The government of Nicolás Maduro is under observation. His infant tenure as president has been the focus of debate in various international scenarios from Europe to Latin America. By Oscar Medina
Harsh criticism was, of course, not to be welcome. On December 18, 2014 the European Parliament adopted a resolution “on Persecution of the democratic opposition in Venezuela” containing a long list of rather uncomfortable recitals on the actions of the government since February 2014 street protests have broken out in Venezuela, also mentioning the economic woes, shortages of basic goods, and the record levels of crime and insecurity the nation is confronted with. The Venezuelan Foreign Ministry replied that, by focusing on Venezuela, the European Parliament was attempting to divert attention from the European crisis.
“For the Bolivarian Government, it is worrying that the European Parliament and the High Representative of the European Union (EU) divert the attention from the serious economic crisis that hits the member countries of the European Union as a result of cuts in welfare, and the consequent structural poverty their peoples suffer; instead, they focus their efforts on discrediting the achievements of the Bolivarian Revolution,” the document issued by the Venezuelan Foreign Office highlighted.
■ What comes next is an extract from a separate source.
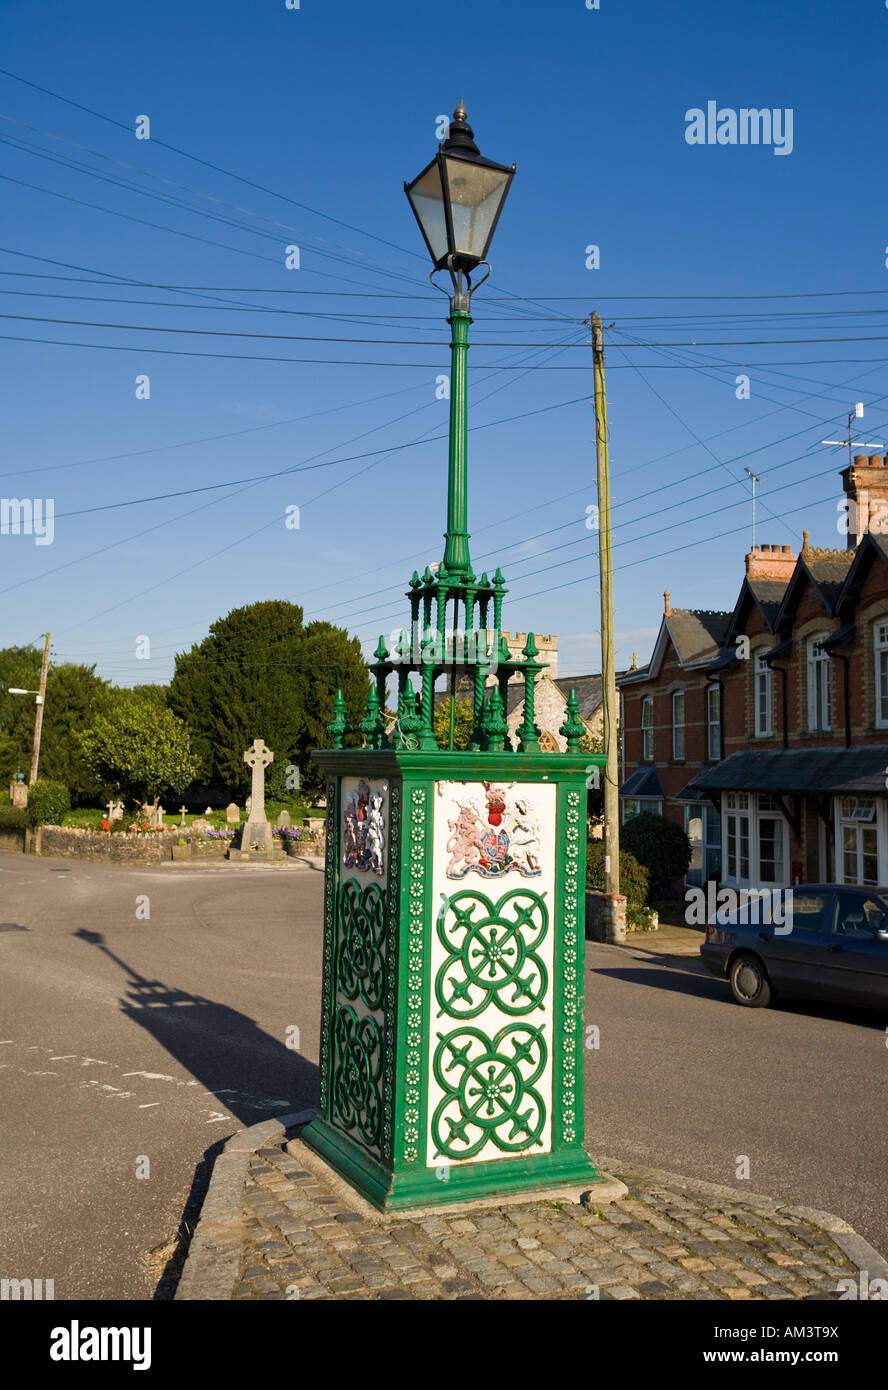 Old village water pump in the village of Hemyock, Devon, UK - Stock Image

The European Parliament noted that: [it] “Is deeply concerned at the worsening situation in Venezuela and condemns the imprisonment of peaceful protesters, students and opposition leaders; urges the immediate release of those arbitrarily detained prisoners, in line with the demands made by several UN bodies and international organizations.” And also that: [it] “Reminds the Government of Venezuela of its responsibility to ensure that all trials conform to international standards; recalls that respect for the principle of separation of powers is fundamental in a democracy and that the justice system cannot be used by the authorities as a means of political persecution and repression of the democratic opposition; calls on the Venezuelan authorities to withdraw the unfounded charges and arrest warrants against opposition politicians and to ensure the security of all citizens in the country, regardless of their political views or affiliations.”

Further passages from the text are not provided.